O que distingue esta delinquência real e cruel de adolescentes pobres, daquela narrada pela mesma rede nas noites de semana, na novela “A favorita”? No primeiro caso, não sabemos qual será o desfecho da história destes jovens. Alguns possivelmente serão vítimas do próprio narcotráfico, como o seriado “Dimenor” insinua. No segundo caso, Flora, a delinquente da ficção se alimenta bem, mata muitos, mente e engana durante grande parte do enredo da novela. Cabe aos representantes do Bem o triunfo em alguns míseros capítulos finais, que serão logo esquecidos. Para a mídia, apresentar a desumanização, tanto na ficção quanto na vida real, causa um impacto emocional momentâneo no telespectador. Transforma-se numa lúgubre forma de entretenimento. E nada mais.
O mais grave da reportagem do Fantástico é desconectar a delinqüência juvenil das suas causas sociais e culturais. Quem atua na área social sabe que, por detrás de um adolescente infrator, há uma enorme trama na qual se misturam violência, exclusão social, falta de oportunidades de acesso à educação e à cultura, núcleo familiar desestruturado, ausência de perspectiva para viver, etc... Soluções simples e imediatistas são ineficazes. Não se trata somente de ampliar o tempo limite para a privação de liberdade, como o programa diz nas entrelinhas, mas efetivamente oferecer possibilidades para que um adolescente tenha condições de transformar sua vida. Enquanto a mídia se contentar em apresentar fatos isolados, com coloração trágica, sem relacioná-los com suas causas e alternativas conjugadas de mudança, estaremos mergulhados numa sequência de fatos desconexos. E sem esperanças.

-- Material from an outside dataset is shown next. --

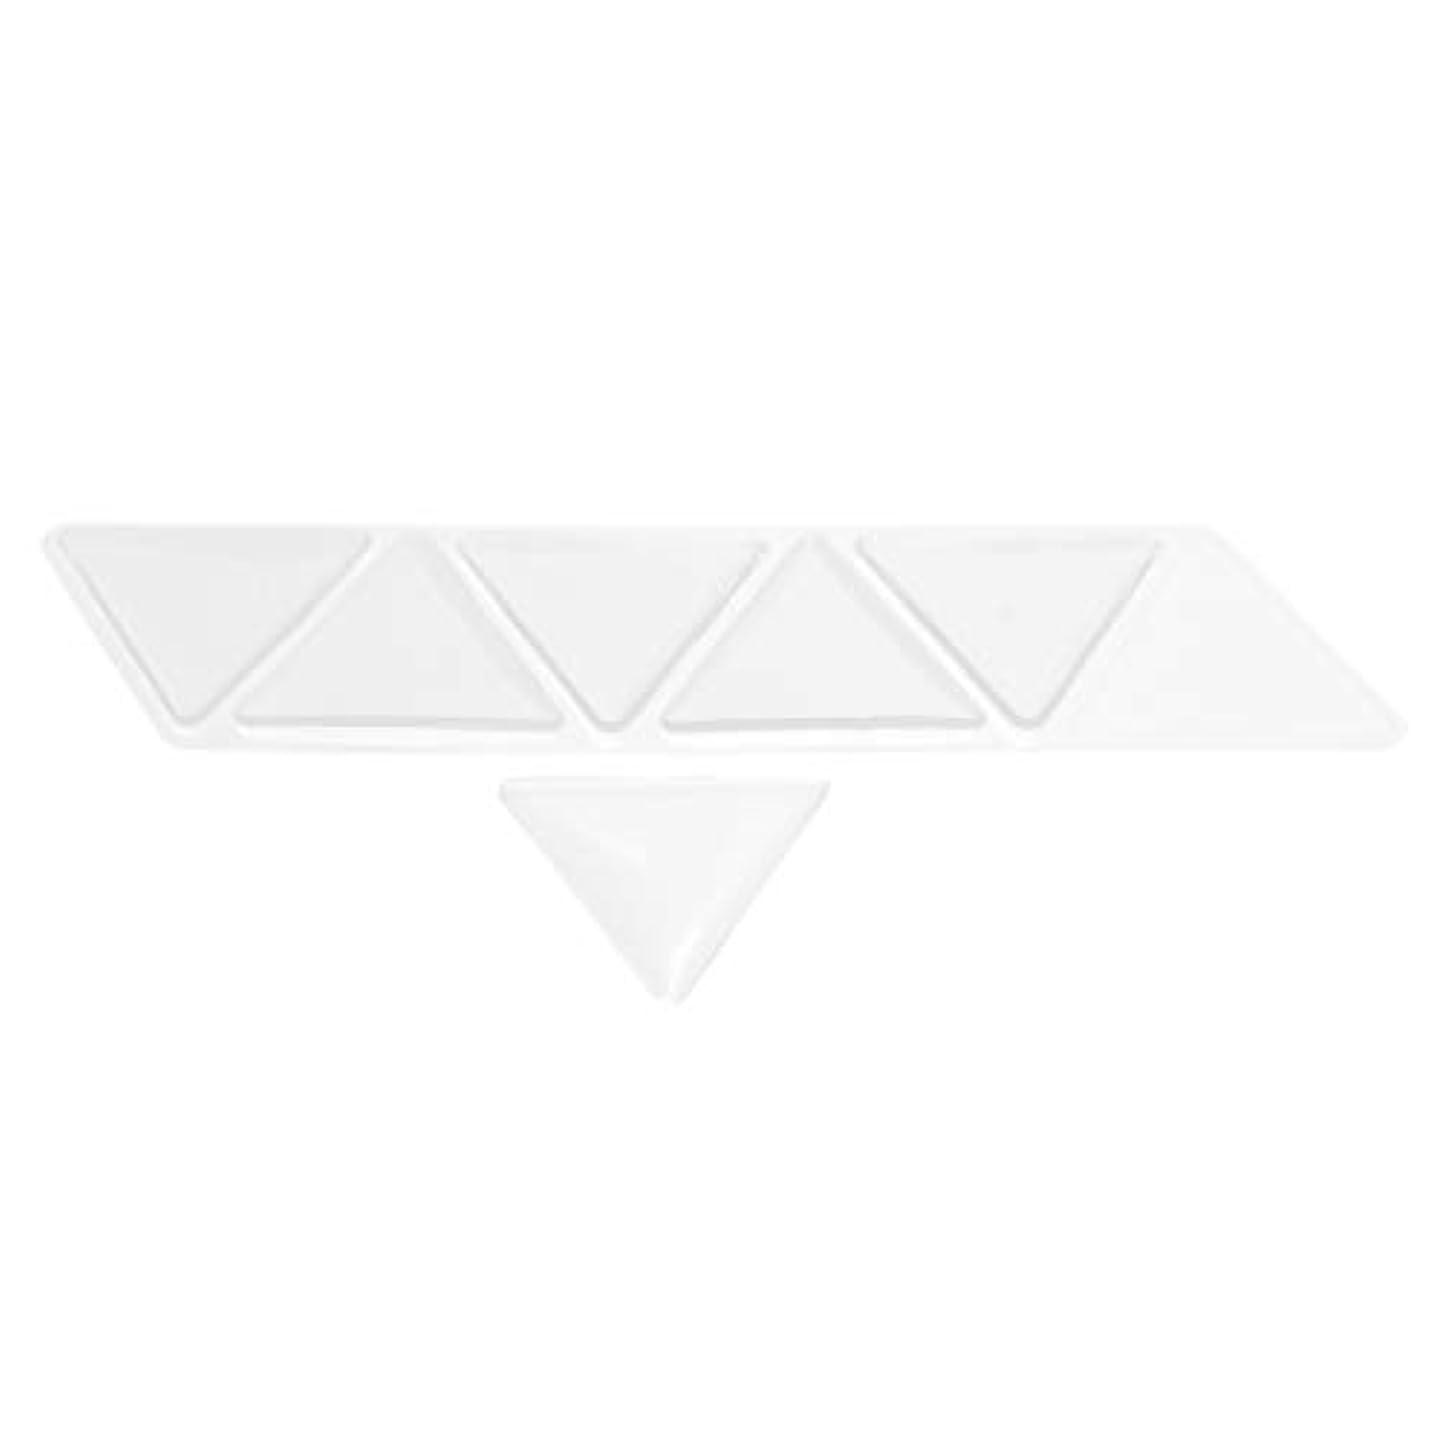 オッズ横向き観察額パッド シリコン 透明 額スキンケア 再利用可能な 目に見えない 三角パッド 6個セット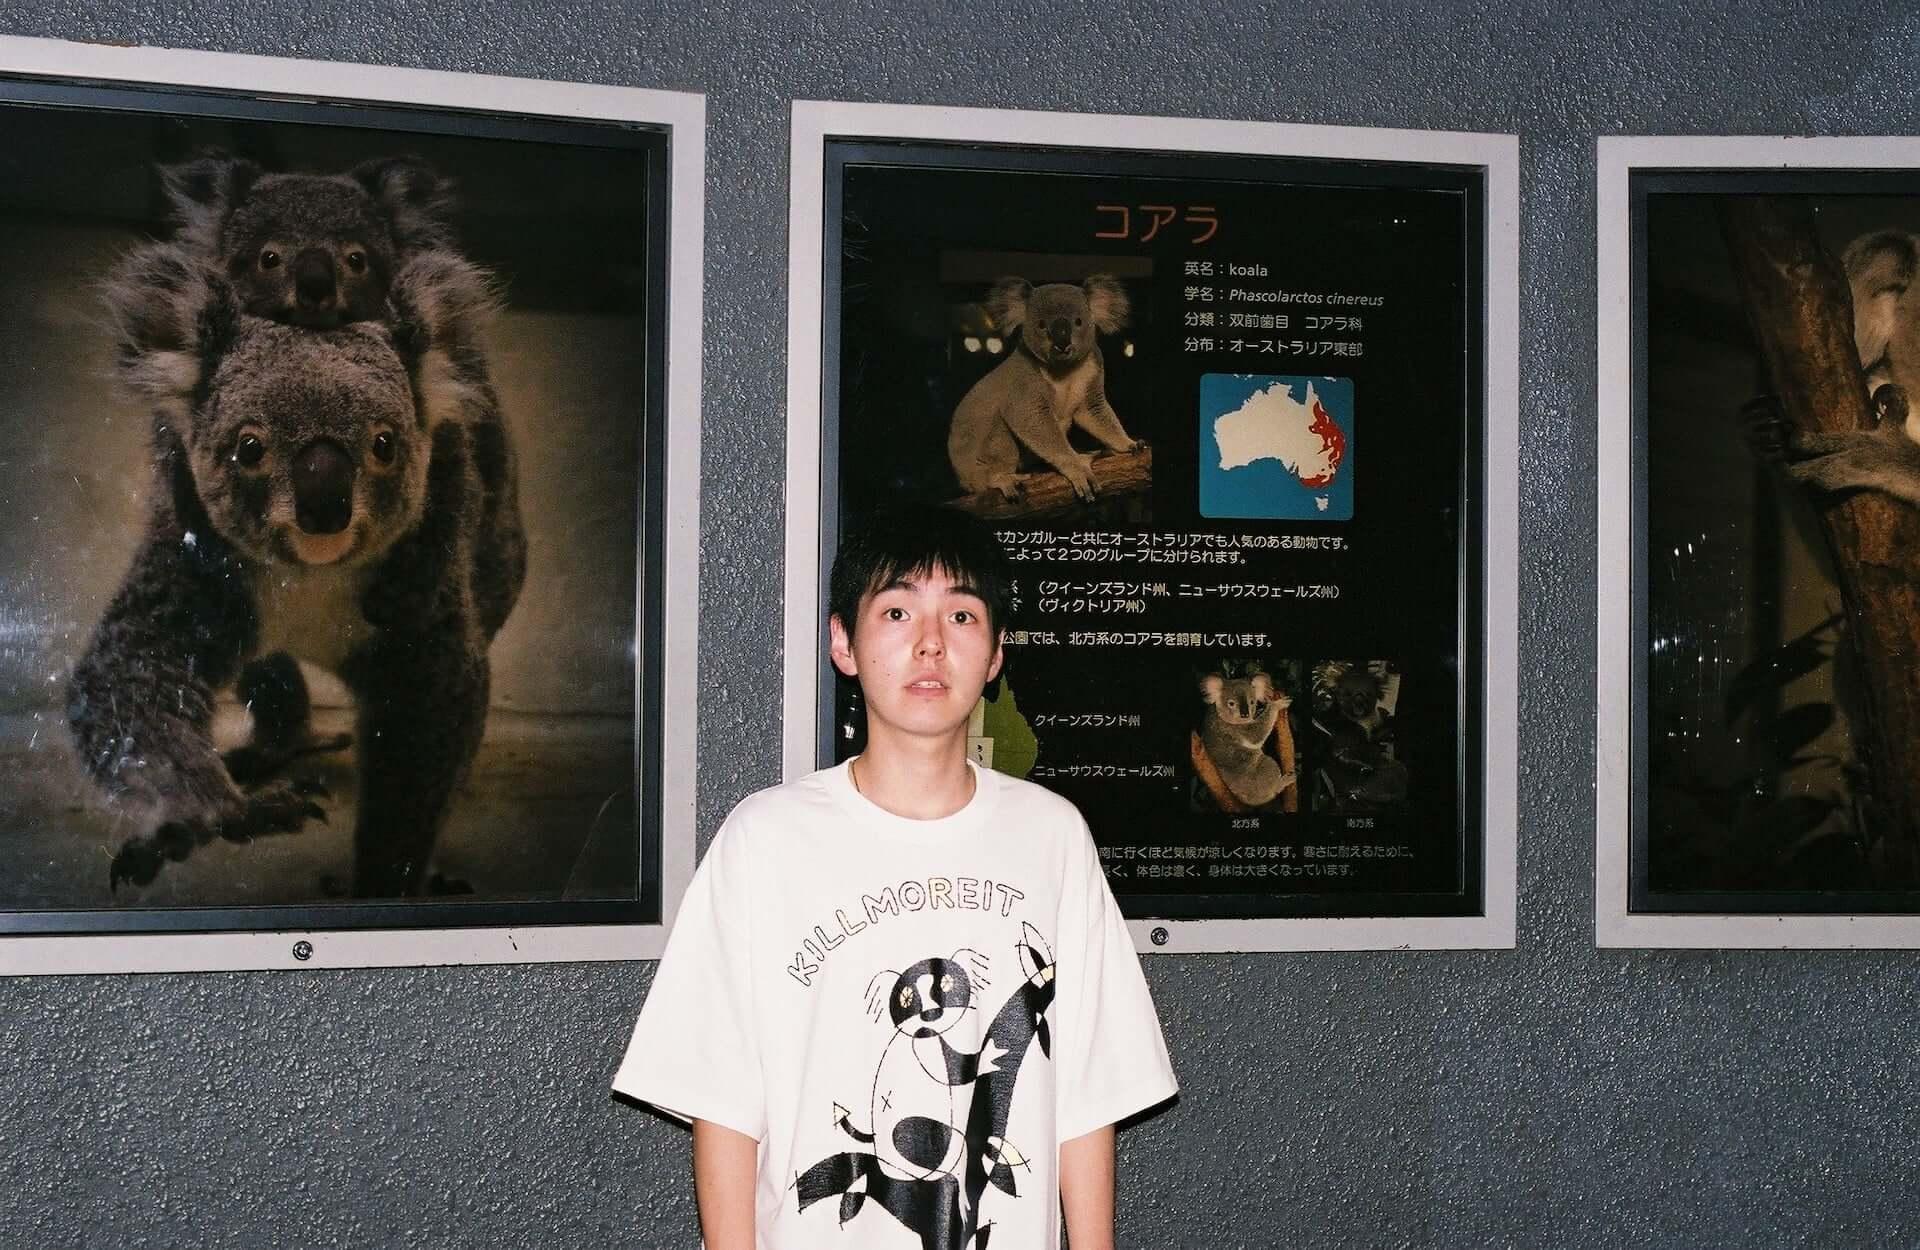 フジロック3日目に出演|新鋭ラッパー・dodo x Ryu OkuboによるコラボTシャツが本日から予約開始 lifefashion190726dodo_1-1920x1250

Para muitos adolescentes que já chegaram à situação de infratores, depois de uma vida atribulada, as chances são pequenas, mas ainda existem. Para tantos outros, no limite tênue da pobreza e da marginalidade, as possibilidades de se tornarem cidadãos com dignidade serão maiores, se efetivamente se consolidarem políticas públicas de educação e inserção social. E seria muito bom que a Globo lembrasse disso na próxima vez. Especialmente no momento em que os novos prefeitos e vereadores assumem seus mandatos.